La pobreza crece cada vez más debido a las ineficientes políticas económicas y a la desigual distribución de la riqueza. Sus múltiples derivaciones representan la peor indignidad que le puede caber a la raza humana: el hacinamiento, el analfabetismo, la violencia, la marginalidad. Pero en este caso quisiera referirme en forma puntual a una de sus más tristes consecuencias: la niñez abandonada. Doy por sentada la necesidad de buscar y nunca cejar en los intentos de darle una solución apropiada y sostenida a este flagelo. Pero sin intención de filosofar o debatir cuales debieran ser las políticas estatales o institucionales mas convenientes (dejo ese debate a los políticos, sociólogos, teóricos y economistas), quiero procurar la auto reflexión sobre la responsabilidad individual que nos cabe al respecto, generar conciencia social y difundir la cruzada personal de tomar acción directa en lo que respecta a mitigar en todo o en parte el abandono y el desamparo de un niño.

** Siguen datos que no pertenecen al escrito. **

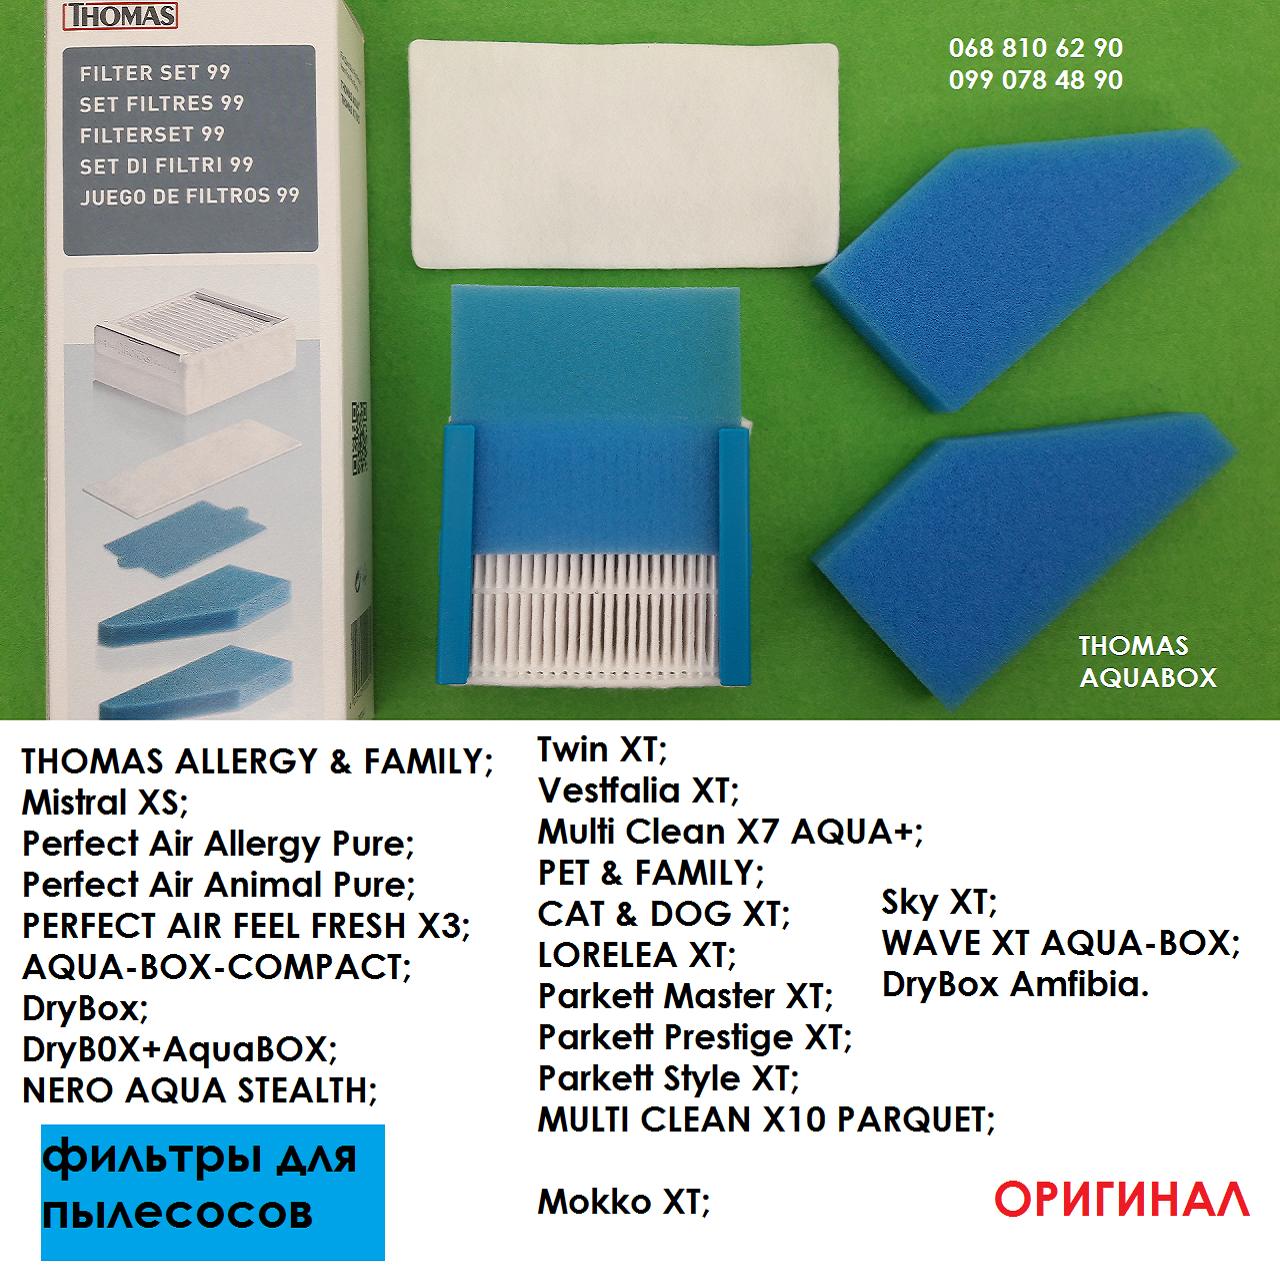 Оригинал Thomas Aquabox Twin XT, Vestfalia XT, Mistral XS, Parkett Master XT фильтры 787241 на моющие пылесосы

Quiero hacer una apelación a la sensibilidad de todos, a su generosidad y a todas las buenas cualidades que conforman esa espiritualidad elevada a la que debemos aspirar no solo con rezos sino sobre todo con prácticas. Hay muchos chicos en la calle, llevando a cabo distintas acciones que por igual los denigran, humillan y exponen a todo tipo de riesgos ya sea contra su integridad física como moral y psicológica. Los vemos mendigar, Hurgar la basura, exponer sus discapacidades, lavar vidrios en las esquinas, lustrar zapatos… para poder cubrir sus mas elementales necesidades y sucede que o no los notamos y los esquivamos cual bultos, nos molestamos con su presencia, nos compadecemos de ellos sin más o no queremos mirar y volteamos para otro lado.

Pero están…, siguen ahí para recordarnos que ellos viven la miseria porque no tienen opciones, pero nosotros vivimos la miseria moral aún pudiendo elegir. No esperemos a ver quien comienza a hacer algo, hagamos algo cada uno de nosotros sin que medie ningún trámite. Quien pueda emprender acciones de más capacidad y envergadura, mejor, pero el común, cada uno de nosotros, no nos limitemos a esperar a estar en mejor situación para actuar; la suma de muchas pequeñas actitudes hacen también una gran obra. Practiquemos el dar,  aunque los retóricos digan que no es el mejor camino para resolver el tema y que es mejor promover la educación y la obtención de recursos, sabemos que no se puede aprender o planificar cosa alguna con el estómago vacío o durmiendo en la calle, que el hambre no espera a una graduación y que sobrevivir a cada día es una batalla que estos chicos lidian minuto a minuto.

Entonces no perdamos tiempo, el dar es urgente, pero el dar en su real dimensión, el dar como virtud, sin buscar excusas, ni ponernos en posición de jueces a ver si el destinatario es merecedor de la caridad que tratamos de intercambiar como mercancía. Demos por el placer de dar, demos cualquier cosa, dinero, comida, ropa, medicamentos, pero demos. Yo trato de hacerlo siempre y agradezco a Dios esa posibilidad. Si creen que no tienen nada para dar vean la abundancia de recursos con que contamos: podemos dar tiempo, consejos, palabras de afecto, contención, cariño, buen trato y tantas cosas más. Normalmente recibo críticas por darle, entre otras cosas, dinero a los chicos que piden, pero siempre he creído que debe ser muy feo tener que pedir como para que encima te digan que no! y quien me dice que lo que di no fue quizás su único alimento de hoy?. Otros me dicen: – son vivezas! ya están acostumbrados!, pero yo digo: donde esta la viveza? si fuera lindo y fácil pedir ya estaríamos todos mendigando. no! no debe ser fácil.

Otro reclamo es: Son vagos, que vayan a trabajar!, pero esa edad no es para trabajar, la niñez es la edad para jugar, para reír, para que sentirse amados; y una muestra de que estas son excusas las da el hecho de que cuando estos chicos trabajan lavando vidrios, lustrando zapatos o haciendo malabares en los semáforos, ni así nos conmovemos mas que para darle unos míseros centavos o directamente nada. Otra excusa es: no hay que darles dinero, hay que darles comida. y yo respondo Sí, hay que darles comida, pero no solo tienen que comer, existen otras necesidades que no tienen porque desnudar ante mí para que yo las considere. Busquemos menos razones y generemos más acciones. No tratemos de hacer un mundo mejor, lo hagamos!